A compulsão de ver tudo nesta guerra no âmbito do desporto não se limita ao presidente. Marco Rubio, secretário de Estado, recentemente reivindicado os EUA podem ver “a linha de chegada” no Irão. A intimidação e o machismo do atleta esportivo respiram em cada declaração arrogante do secretário de defesa Pete Hegseth sobre o “domínio”, “letalidade“, e “resolução inquebrável“. Imperturbável pelas dores da consciência, a classe política é deixada livre para experimentar a guerra como um jogo, gritando por “mais bombas“que enviará o Irã”de volta à idade da pedra” na mesma voz e com a mesma intensidade tribal e sem risco com que torcem por seu time de futebol universitário favorito. Em certo sentido, o constante alarde do governo sobre os avanços e vitórias americanos diante da resistência iraniana, que é mais rígida e mais qualificada do que o esperado, também representa um empréstimo grosseiro da linguagem dos esportes modernos, com seu dogma de autoconfiança ilusória e insistência em ignorar os reveses competitivos para “confiar no processo”. Mesmo aqueles que estão fora da Sala de Situação estão fazendo a sua parte para aprofundar o processo. conexões entre o esporte e o estado trumpiano Kash Patel, um homem cuja experiência em cargos políticos é tão indistinguível do fandom sedento por mercadorias que ele teve dois. Nikes personalizados com a marca do FBI fez para si mesmo, organizou um evento no mês passado para conseguir que lutadores do UFC ajudassem a treinar agentes do FBI. (Patel, os leitores devem se lembrar, tem um histórico de aparecer para funções políticas em partidas com o Liverpool.) Depois, há toda a atividade questionável durante a guerra no investimento e mercados de previsão: a doença das apostas desportivas infectou tão profundamente o Magaverse que não é difícil imaginar que a condução desta guerra está a ser programada para maximizar as oportunidades de especulação entre os membros do círculo íntimo de Trump.

Estarão a guerra e o desporto a tornar-se indistinguíveis?
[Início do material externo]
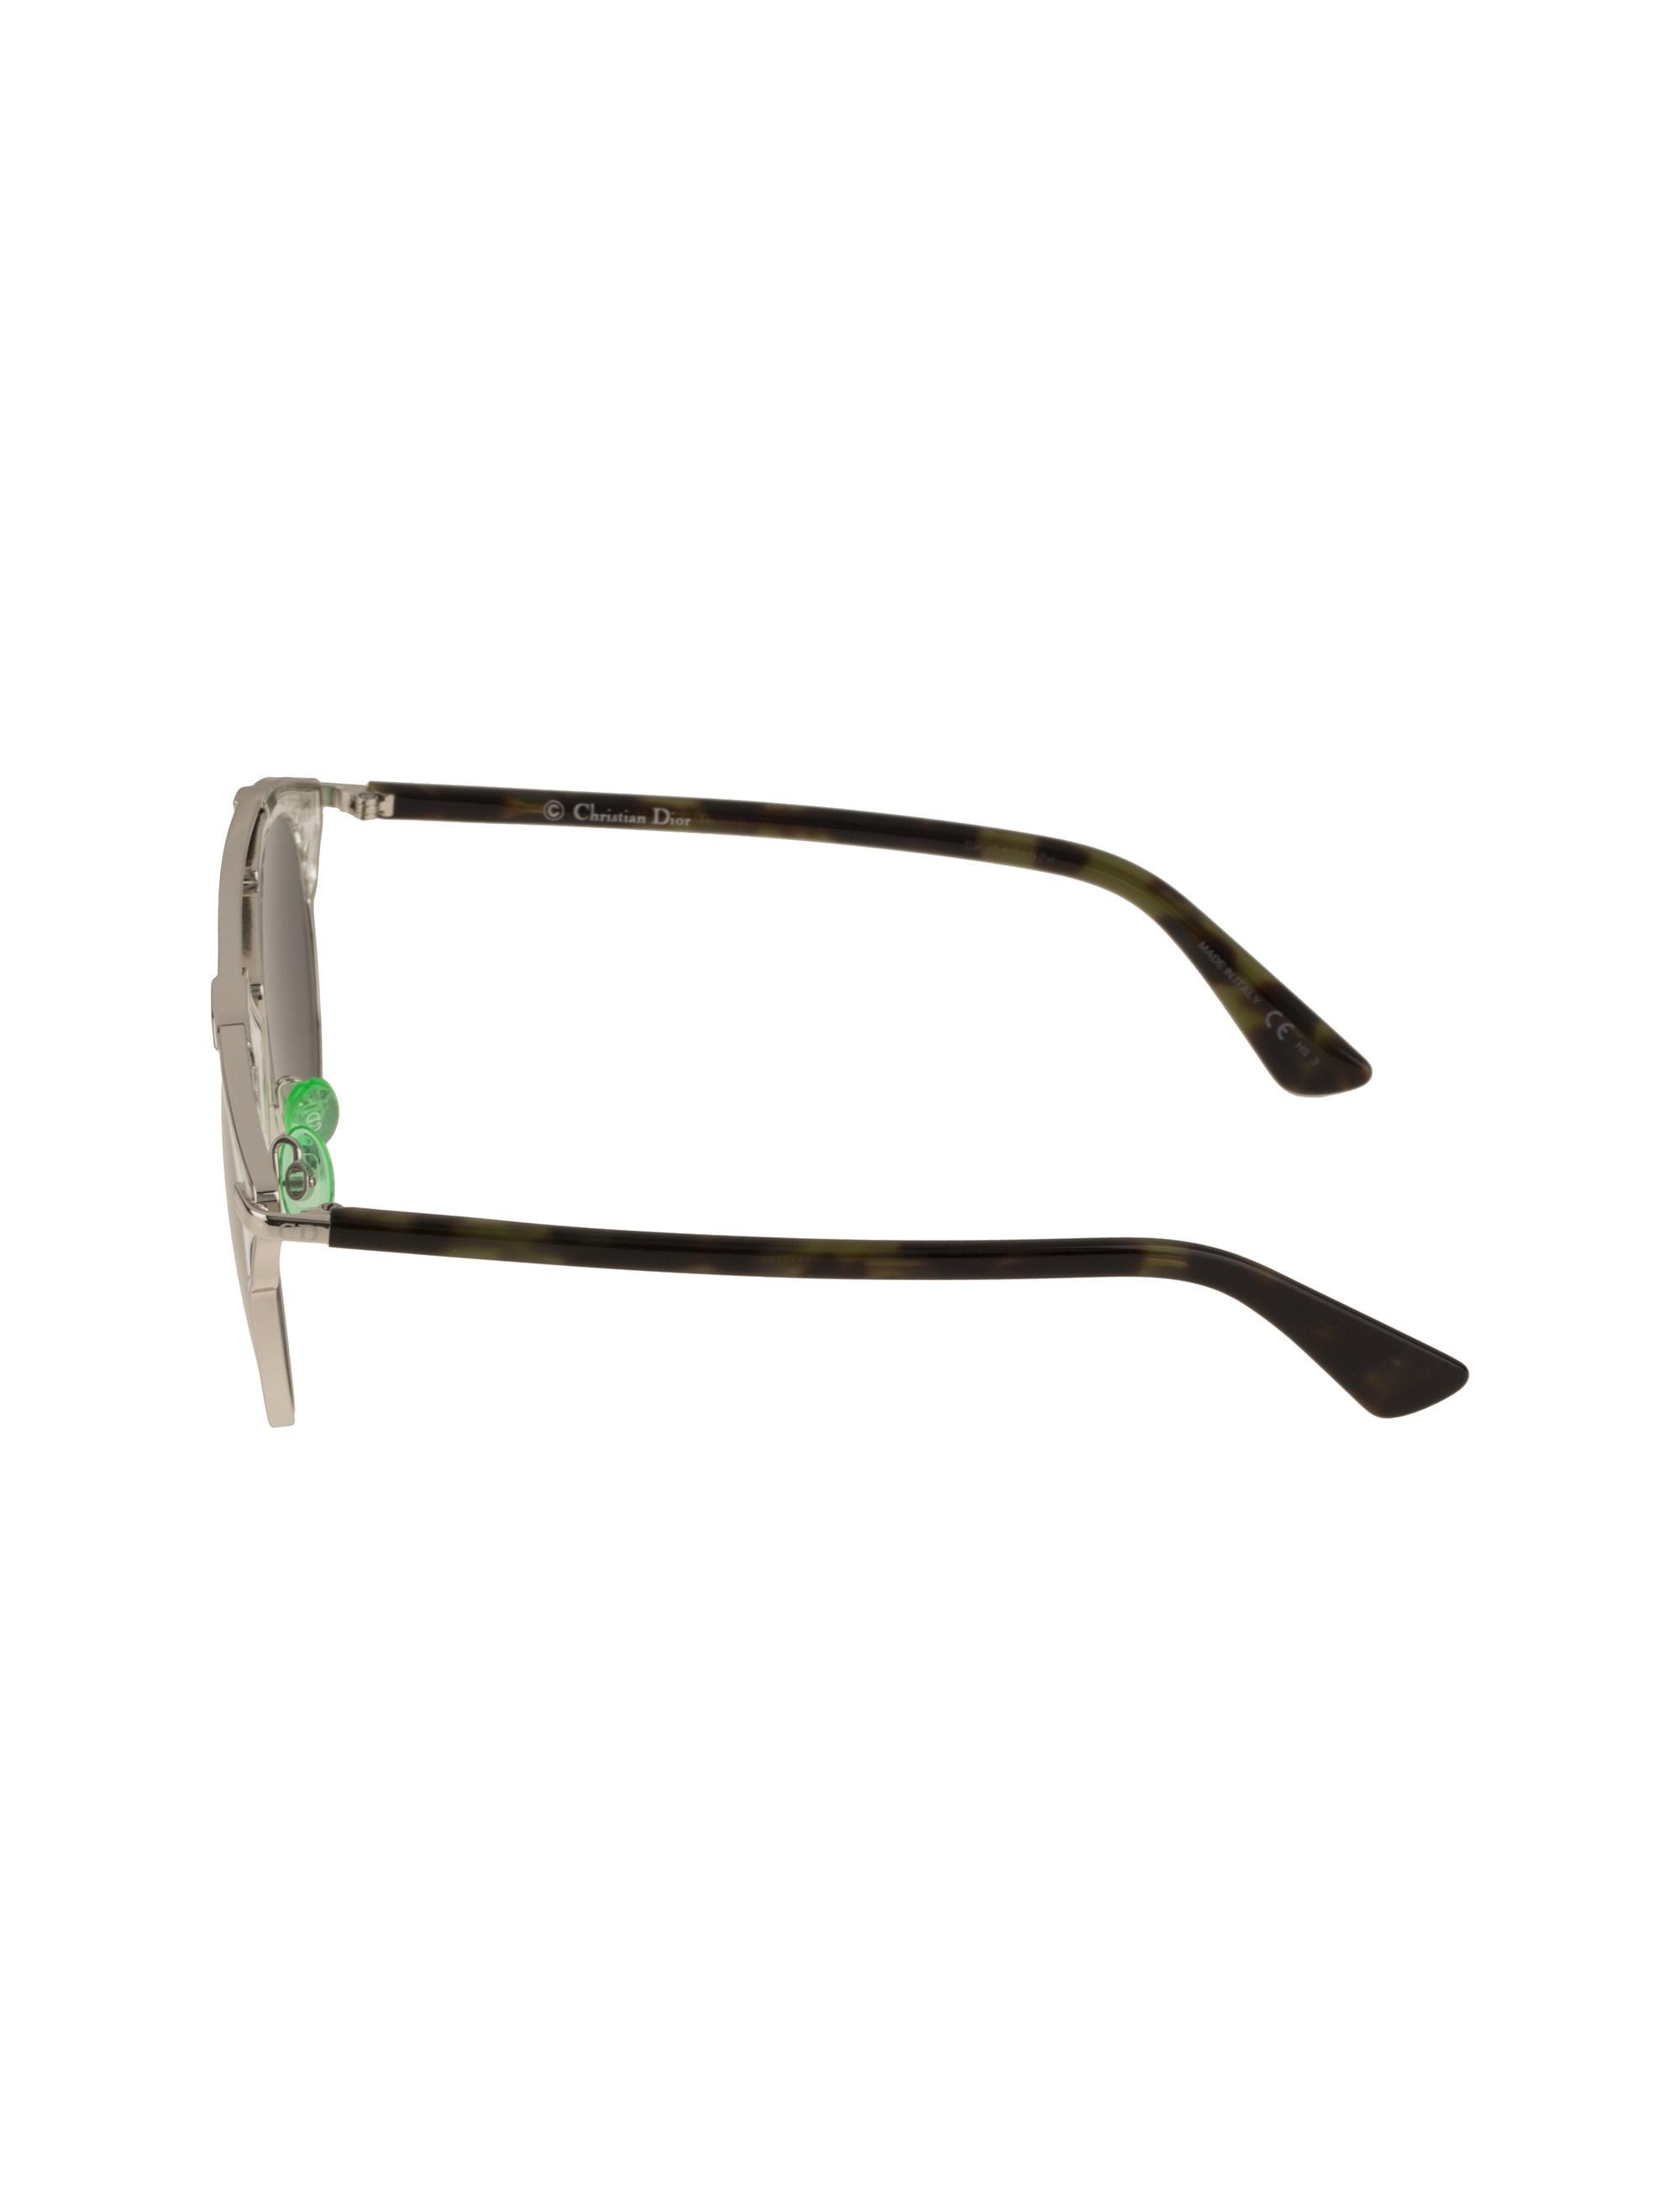 عینک آفتابی پنتوس زنانه - دیور - نقره اي - 3

Talvez isso seja um exagero, mas parece cada vez mais claro que a cultura do desporto é elementary para o caos que se desenrola no Médio Oriente. O escritor espanhol José Ortega y Gasset argumentou certa vez que o Estado moderno emergiu do desporto – que o desejo dos jovens atletas de sair pelo mundo para caçar, fazer guerra e festejar obrigou à primeira organização da sociedade numa forma política com rituais, leis e instituições estabelecidas. Eventualmente, na idiossincrática história da civilização de Ortega y Gasset, os homens maduros passaram a dominar os assuntos públicos e o vigor dos jovens e atléticos foi substituído pela equanimidade dos sensatos e de meia-idade.

A essa história a América moderna acrescenta agora uma conclusão desconcertante: sob a orientação dos homens nominalmente maduros que a governam, os EUA hoje estão a regressar a um estado de consciência desportiva primitiva. A diferença, claro, é que os governantes deste estado revivido não exibem nenhuma energia ou coragem que acompanham a participação actual em competições atléticas. Os líderes da América comportam-se não como actores na area, mas como espectadores: eles consomem a guerra como fãs, comentam-na como fãs, conduzem-na como fãs, e o seu desejo de escalada mostra toda a irresponsabilidade do pior tipo de incitamento secundário. O ponto closing do estado desportivo não é a graduação para além do desporto, mas um regresso ao desporto, não a maturidade, a sabedoria, a tolerância ou a graça, mas a decadência da vontade executiva em fanatismo impulsivo e desavergonhado.